I always think it’s a good idea to follow the Single Responsibility Principle – to those new to this I simple explain it as follows:

A class should be responsible for a single job. If you can’t tell me, in a sentence, what it does; then it is almost definitely doing too much.

As such if you have a requirement for an ecommerce system as defined above, checking stock levels would be it’s own class. The point of this is so that:

  1. The class can be used throughout your project, anywhere that you need to check stock levels
  2. The class can be modified and know that all stock checking functionality happens through a single place
  3. Any business logic can be contained in a single place
  4. The class could be swapped out if needs be, again you know all functionality is encapsulated here

Encapsulation: Goes hand in hand with “DRY” (don’t repeat yourself). Basically bringing everything to do with a certain concern (i.e. stock checking) into a single place, rather than leaving it scattered throughout your code.

So you now have a basic idea of what you use a class for, and in what scenarios you would create a new class – basically, any time you need to get something done.

Now working with objects, as opposed to working with a bunch of variables, has some real perks.

NB: Throughout this article I am going to refer to “classes” and “objects”. For all intents and purposes a class is defined, an object is instantiated. Therefore my User class, once it physically exists, becomes an object, until that point it is a class.

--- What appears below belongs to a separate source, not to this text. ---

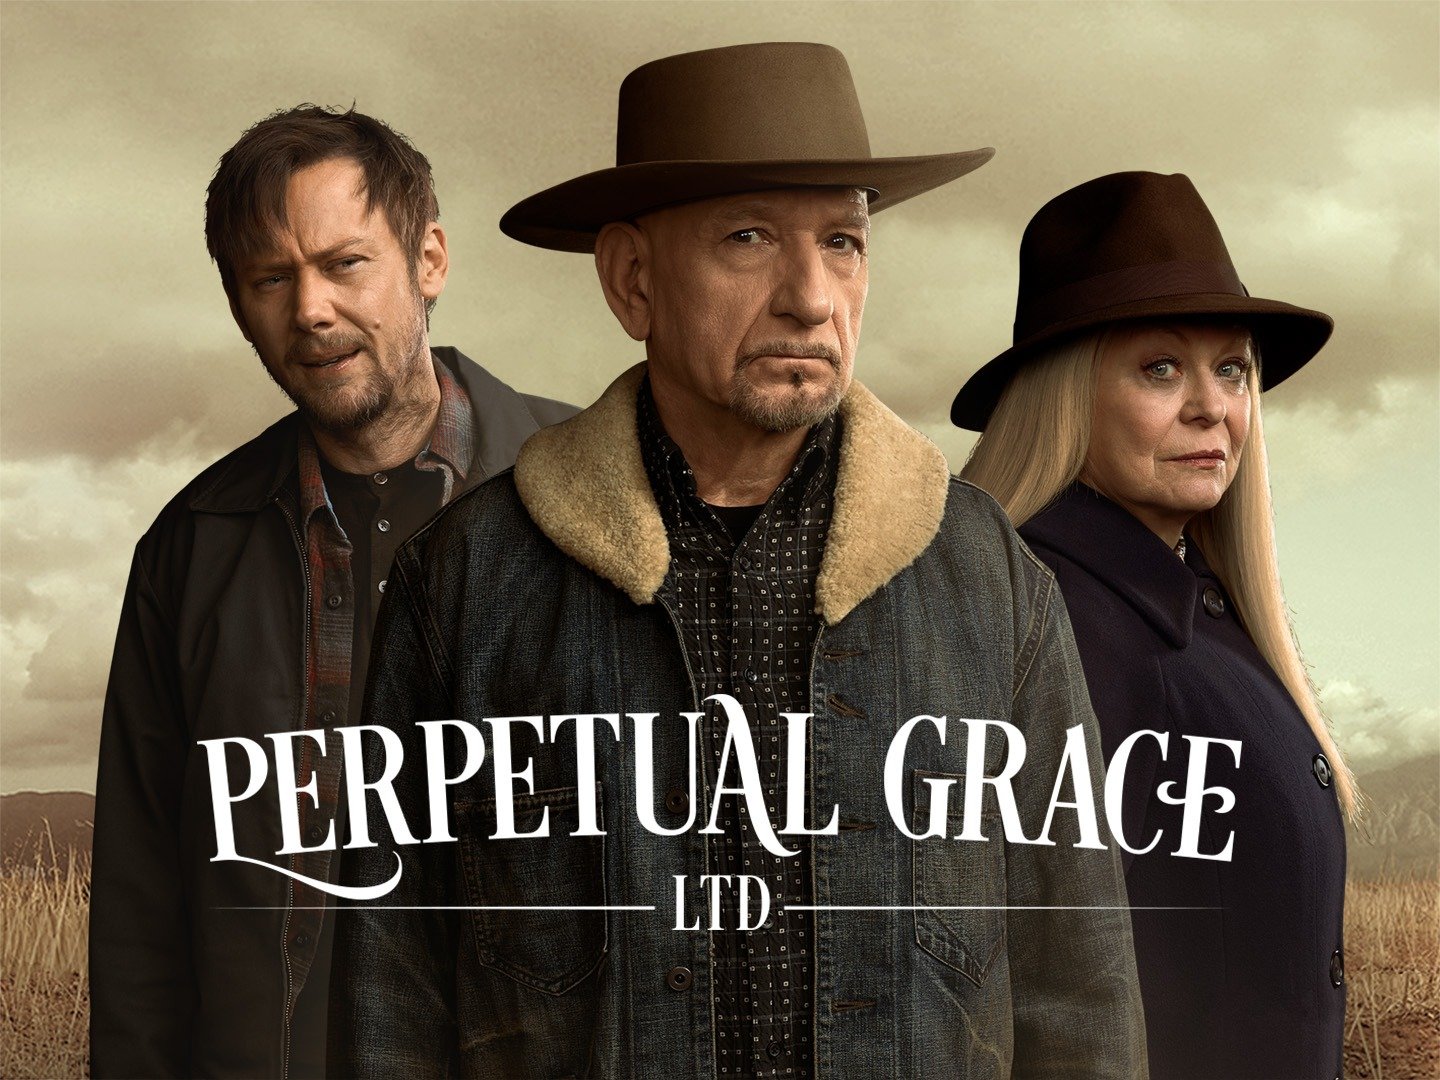 "Perpetual Grace LTD: Season 1 photo 2"

If I have an “Order” object rather than a whole heap of variables or a massive multi-dimensional array, I can put functionality in there which I need, I can do decisions and logic based on information contained within that order. What you’re doing is neatly organising everything into it’s own compartments within your code.

The user may be hitting a button to “add to cart”, but in practice you might be doing all kinds of things; checking the stock level, applying voucher codes, modifying the stock level, calculating the value of the cart so far, all sorts. So this separation becomes invaluable.

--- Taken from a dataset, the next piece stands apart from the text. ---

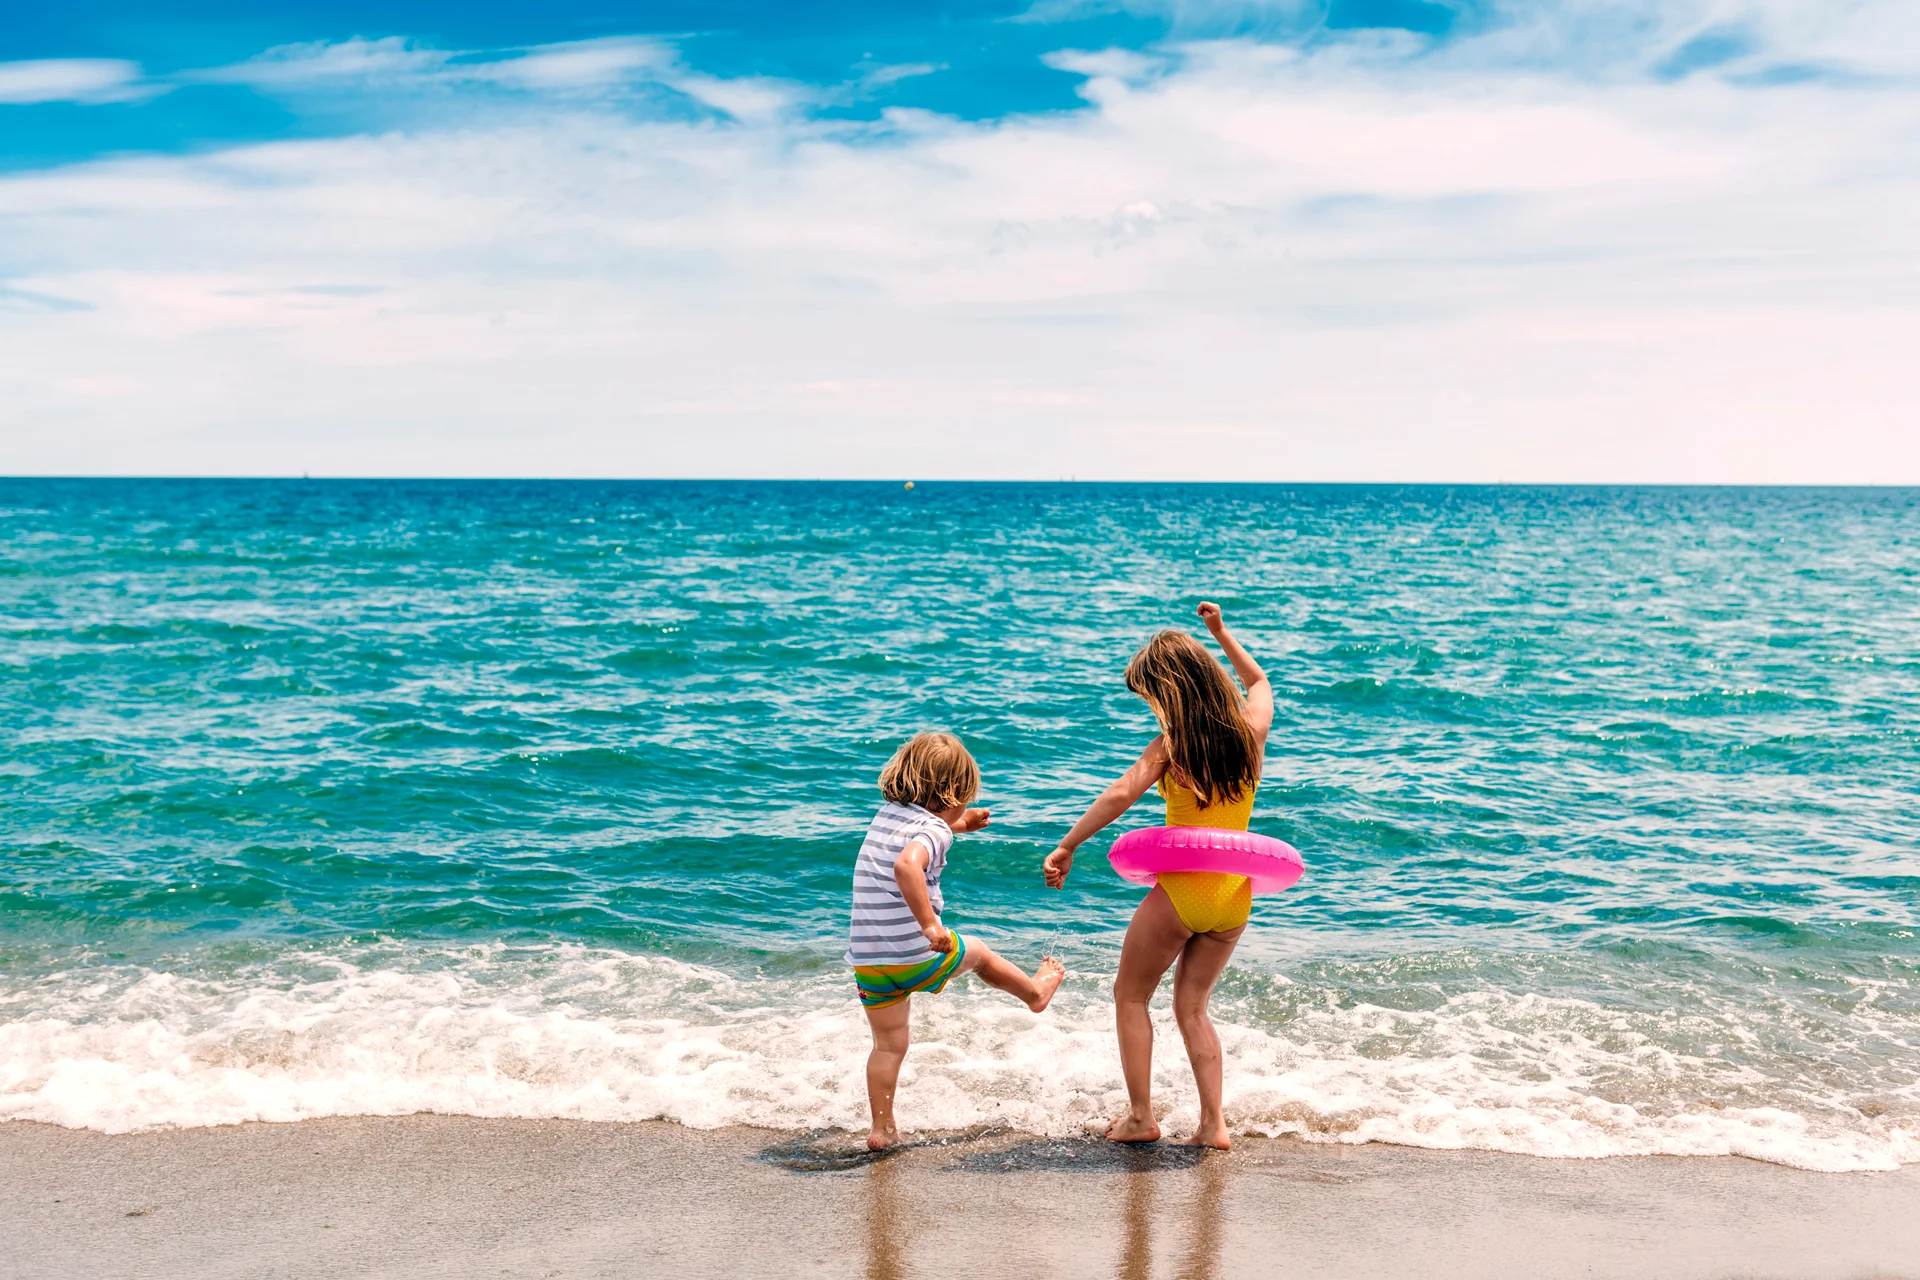 Children at the beach enjoying vacation in Spanish vacation

However, the point of this part of the article is simple. It’s going to be really difficult to follow, and make almost no sense, to have a bunch of objects floating around a procedural execution. The reason for this is, again, simple; if you have some stuff procedural, and some wrapped in classes and objects; how the heck could I possibly know where to look?

Learning Point Two: Using and understanding the syntax

In this point we’re going to cover some basic concepts:

  1. Inheritance – abstracting and extending classes
  2. Interfaces – implementation and usages
  3. Properties, Methods, Privacy and Scope

Firstly, one of the beautiful things about classes is inheritance. Let’s take a basic example of a User. A User might be a Guest, a Member, a Moderator and an Administrator; but they almost definitely share a bunch of common functionalities, like having a user ID for example (though a guest’s would be 0 or null). You don’t want to have to write a whole heap of code to get the user ID a bunch of times, when it’s the same functionality. You want all of your different types of users to share this functionality, this is where inheritance comes in.

Inheritance

<?php

abstract class User
{
    protected $userId = 0;
    protected $isLoggedIn = true;
    protected $isStaff = false;
    public function getUserId()
    {
        return $this->userId;
    }
    public function isLoggedIn()
    {
        return $this->isLoggedIn;
    }
}

class Guest extends User
{
    protected $isLoggedIn = false;
}

class Member extends User{}

class Moderator extends Member
{
    protected $isStaff = true;
    public function hasPermission($permission)
    {
        // Some logic here and return TRUE or FALSE
    }
}

class Administrator extends Moderator
{
    public function hasPermission($permission)
    {
        return true; // Administrators can do anything
    }
}

See in GitHub

The handy thing about this is that everyone is a User. So if ever I try to manage some dependency and state that a User is required as an object, I can do this really easily, because everything extends off of User, or one of its derivatives.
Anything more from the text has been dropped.